For many years, alternative dispute resolution (ADR) has been used to describe arbitration, conciliation and mediation as alternatives to litigation. The idea behind calling these methods of dispute resolution “alternate”, is that litigation has been, and will always be the primary mode of dispute resolution. However, in the last one decade, we have seen a paradigm shift in this approach. Young lawyers, general counsel, micro, small and medium enterprises (MSMEs) as well as companies are moving away from protracted litigation and accepting ADR as primary modes of dispute resolution. Litigation is a time-consuming and costly affair. Pursuing a case in court may result in loss of time, efforts and money whereas resolving a dispute by ADR can be quicker and cheaper. Another reason why ADR gained popularity is perhaps the dissatisfaction created by the litigation process. However, it cannot be denied that formal adjudication system will always be there as there will always be certain disputes that can only be resolved through it. Barring such disputes, all other disputes that one can resolve without burdening the court system, can be efficaciously resolved through ADR.
Over the last decade, ADR has gained traction in India. Both legislative framework as well as judicial precedents have aimed at promoting ADR as a preferred mode of dispute resolution rather than a mere substitute or alternative to the formal judicial system. In particular, the Arbitration and Conciliation Act, 1996 (Arbitration Act) has been amended time and again with the view of keeping at par with other legal regimes and making India an arbitration-friendly jurisdiction. This has been buttressed by the Indian judiciary which has also actively adopted and recommended a minimal intervention approach, such that confidence is instilled in the arbitral process, amongst parties.
Particularly, with the current arbitration regime in place in India, the arbitral process is party friendly, time bound and confidential. The courts are slow in granting anti-arbitration injunctions, interfering with foreign awards, and a challenge to an arbitral award is now available to a party on limited grounds. This has allowed parties to attain a final and binding decision in a shorter timeline as against long-drawn battles before judicial fora.
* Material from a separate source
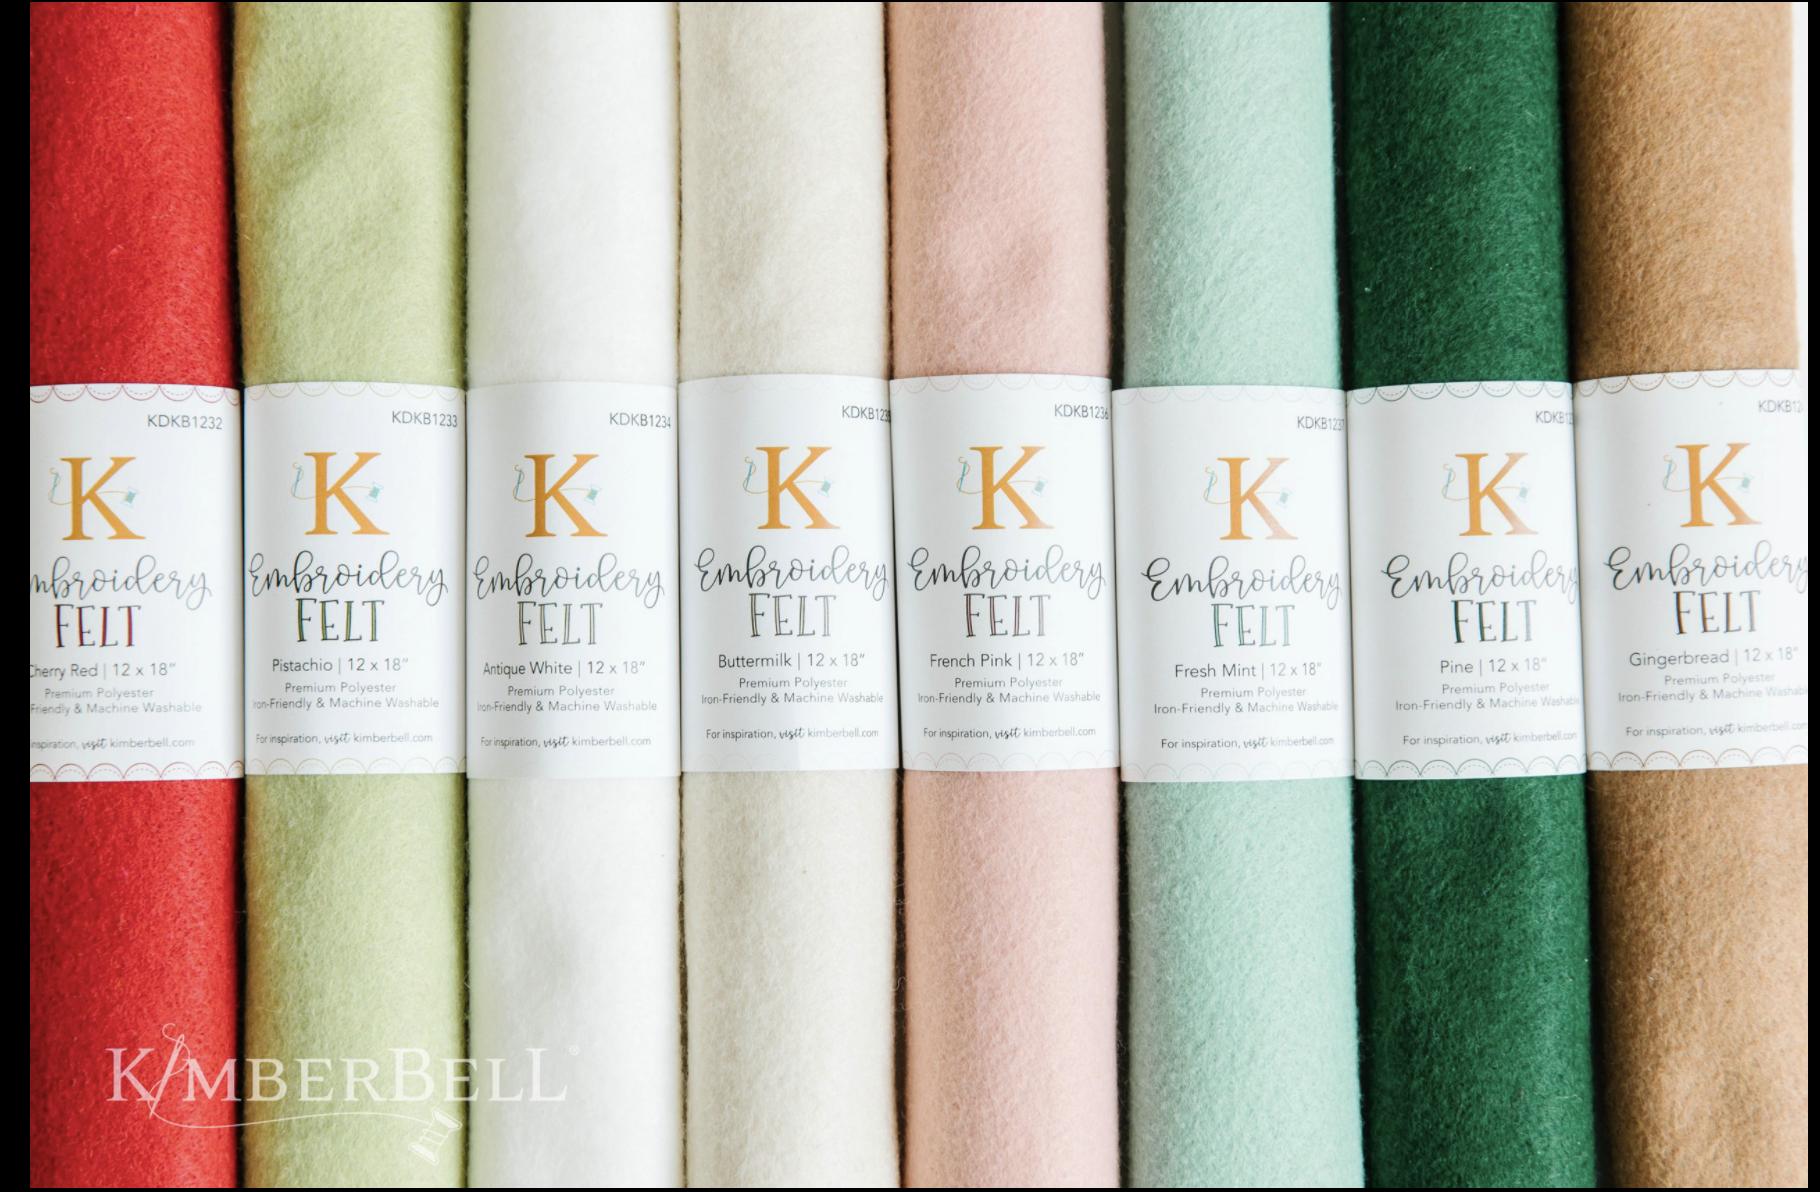 Embroidery Felt Kimberbell

The global business community has reaped benefits of ADR, both for containment of disputes as well as quick resolution. Across various sectors, the growing trend now, particularly in relation to commercial contracts, is to opt for an arbitration clause or med-arb clause for dispute resolution to ensure access to justice in reduced time and cost and in an efficient and satisfactory manner.
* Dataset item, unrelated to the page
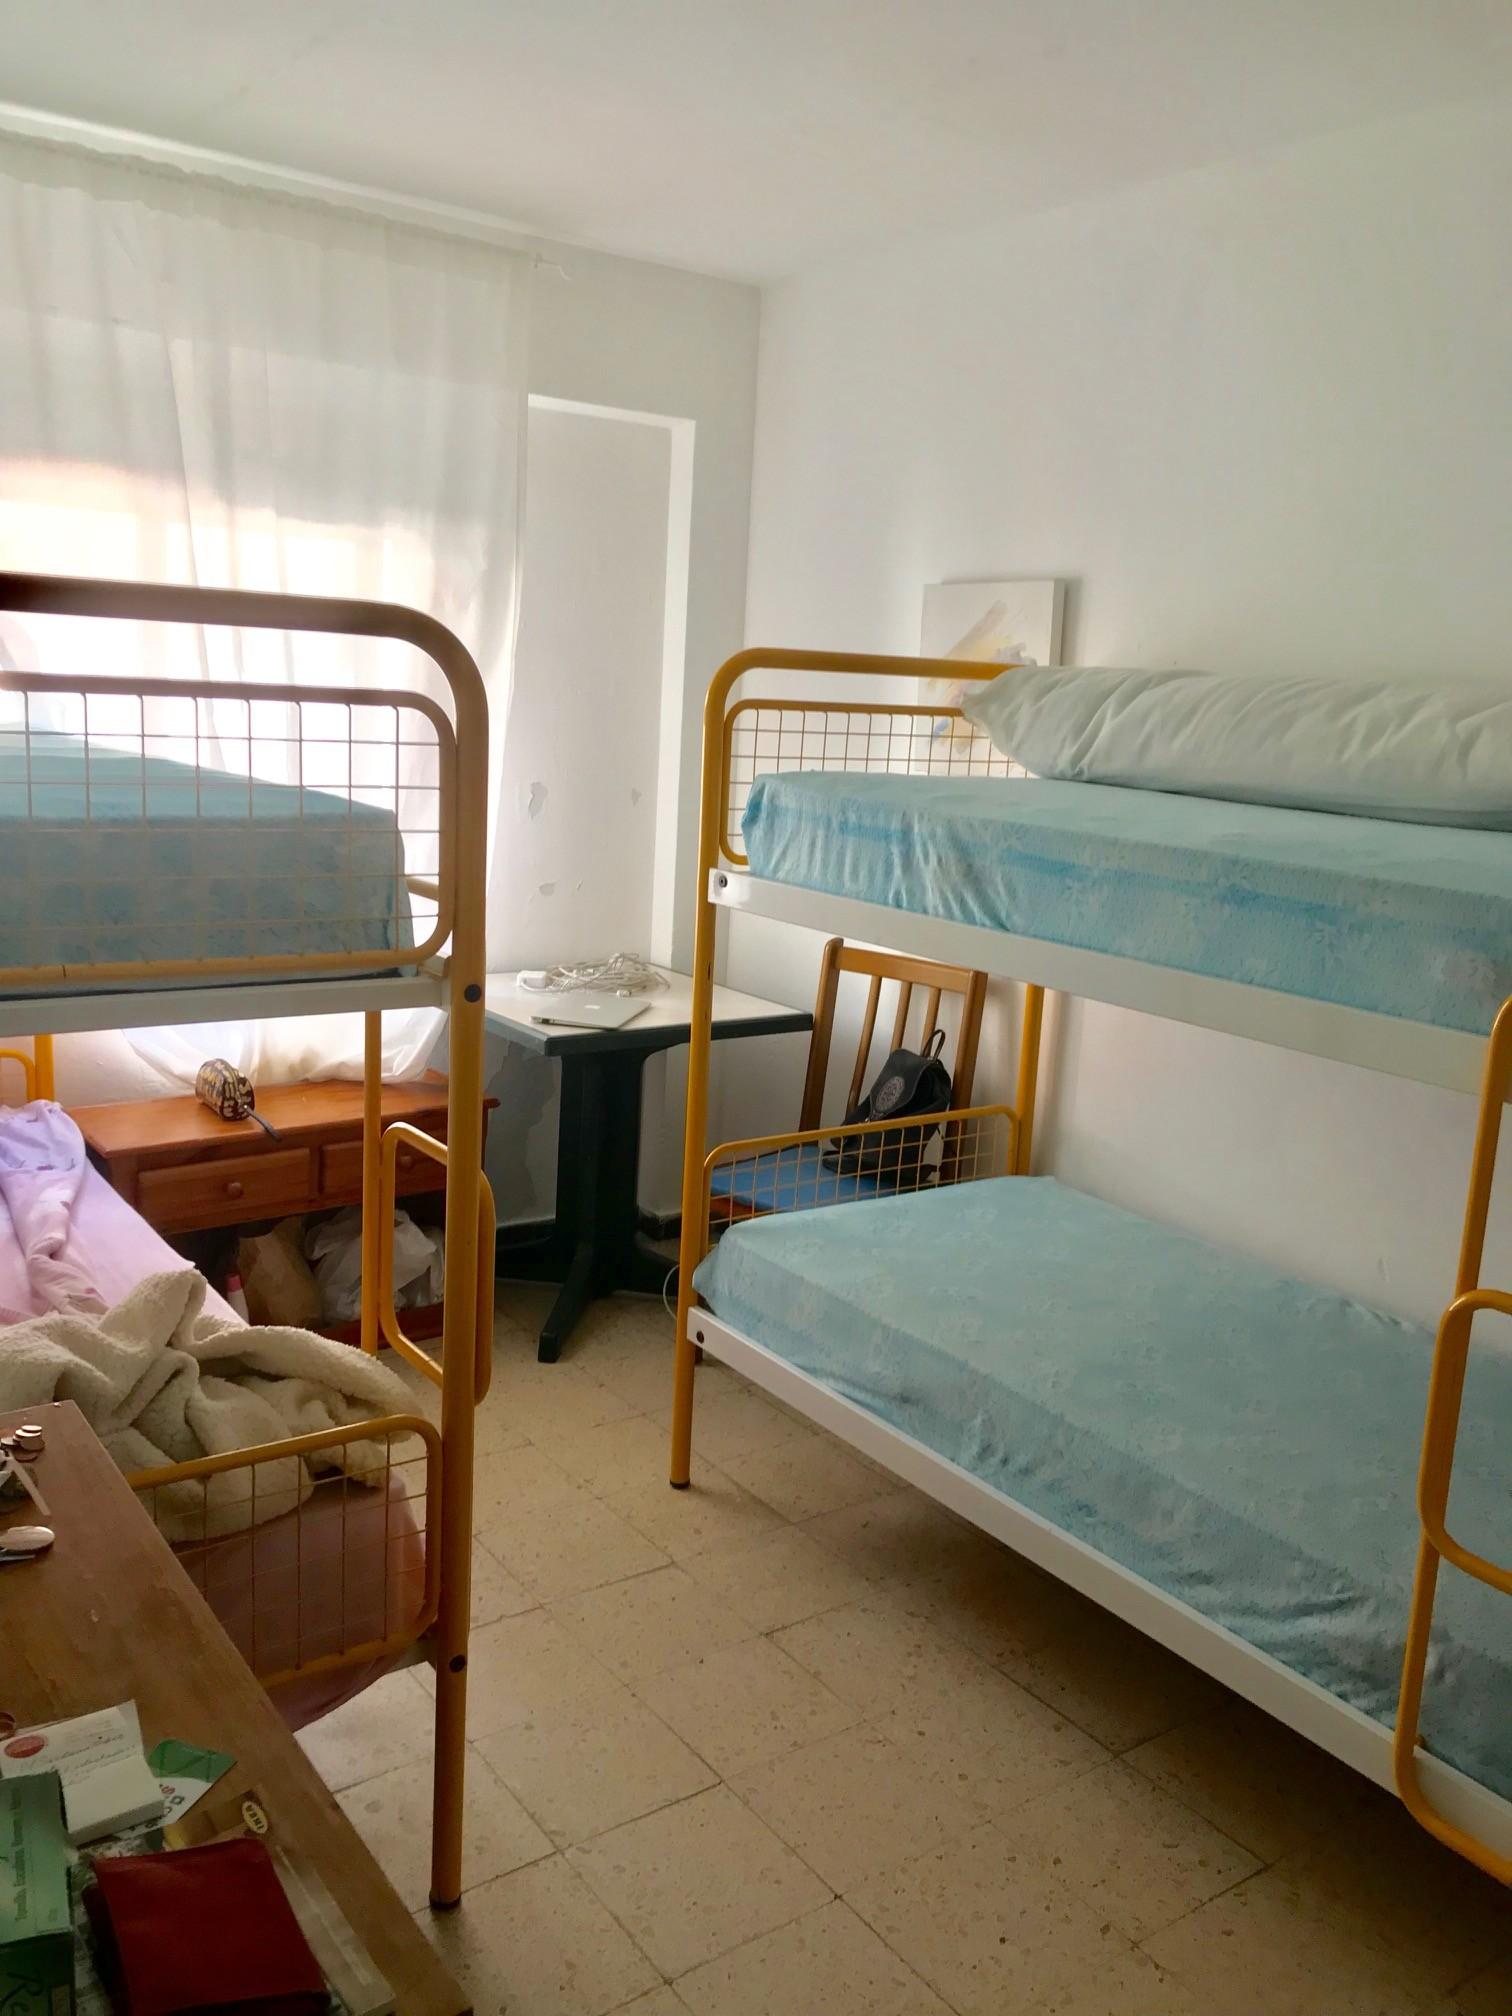 Pineda, camas en mini residencia estudiantes

While the course of arbitration in India has been flourishing, mediation in India has been slowly gaining recognition. Mr Justice N.V. Ramana, the Chief Justice of India, recently said that prescribing mediation as a mandatory first step for resolution of every allowable dispute will go a long way in promoting mediation.
The primary reason for slow growth of mediation in India was the lack of awareness and its acceptance as a mode of dispute resolution. Other reasons why mediation could not gain popularity include lack of domain experts and suitable infrastructure. Recently, the Mediation Bill, 2021 (Mediation Bill) has been introduced with the aim of promoting domestic and international mediation in India, including online mediation, and is currently pending before the Rajya Sabha.
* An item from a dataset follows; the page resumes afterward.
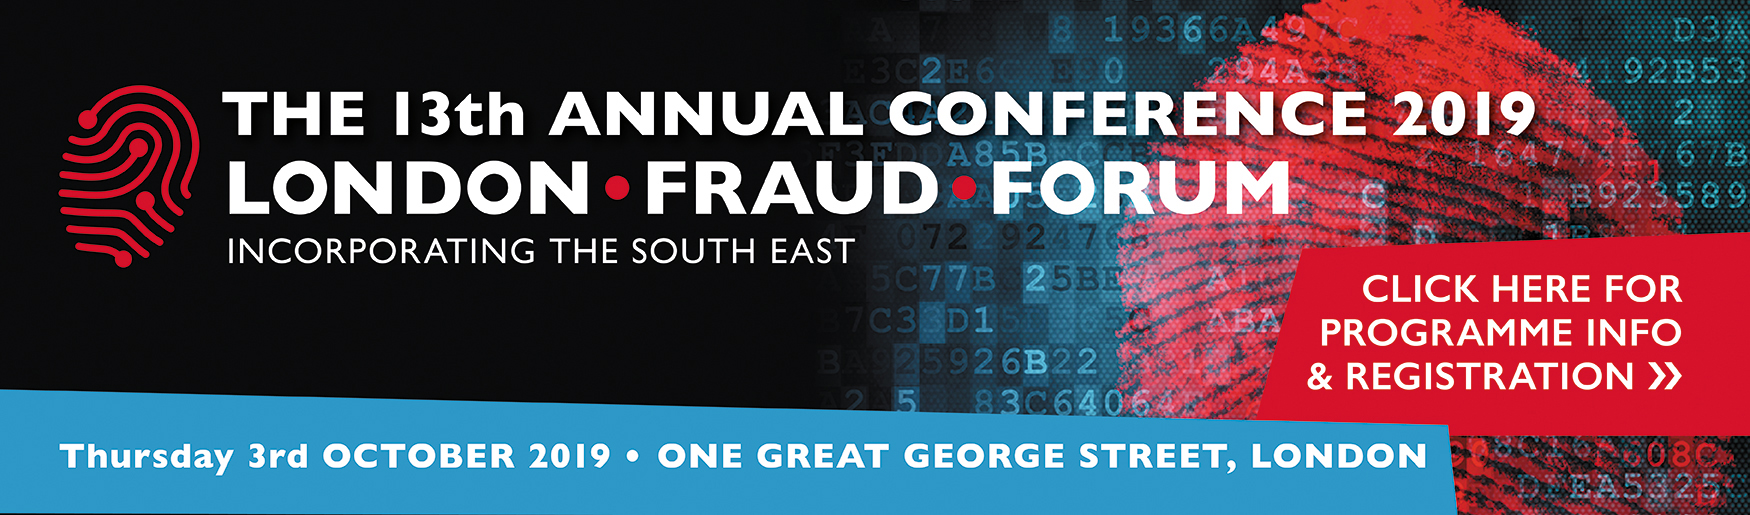 LFF 13th Annual Conference

In April 2022, the Ministry of Law and Justice, India, indicated that the cases pending before the Supreme Court of India are 70,154, before various High Courts are 58,90,726 and 4,09,85,490 before District and Subordinate Courts, as of March 2022. Further, on 15-4-2022, the Chief Justice of India while addressing the inaugural session of Telangana State Judicial Officers Conference, 2022 said that the judiciary is overburdened.
In view of this surmounting pendency, adopting ADR as a primary mode of dispute resolution, as opposed to a mere alternative, is now the need of the hour. This will also result in decongesting the court system and bring about much-needed relief to the judiciary, which is overburdened.
Legislative Framework and Other Initiatives
Section 89 of the Code of Civil Procedure 1908 (CPC) was introduced in 2002 with the objective of promoting non-judicial dispute resolution. Section 89 contemplates reference of a dispute to arbitration, conciliation, judicial settlement through Lok Adalat or mediation, where there exists an element of settlement in the opinion of the court.
In 2018, Section 12-A was introduced in the Commercial Courts Act, 2015, mandating mediation before a party can approach a commercial court with a suit. The exception to pre-litigation mediation is cases where urgent interim relief is being sought. Thereafter, the Commercial Courts (Pre-Institution Mediation and Settlement) Rules, 2018 were notified, which enumerate the manner in which the mediation proceedings would be conducted for reconciling and settling commercial disputes between the parties.
The Arbitration Act, from its inception, has endorsed a minimum interference approach. Recently, the judiciary has also strongly adopted a minimal intervention approach to encourage more parties to arbitrate. The key amendments introduced to the Arbitration Act in 2015 and 2019 are also in keeping with the objective of promoting arbitration as well the minimal interference approach, such that India can be transformed into a global hub for arbitration.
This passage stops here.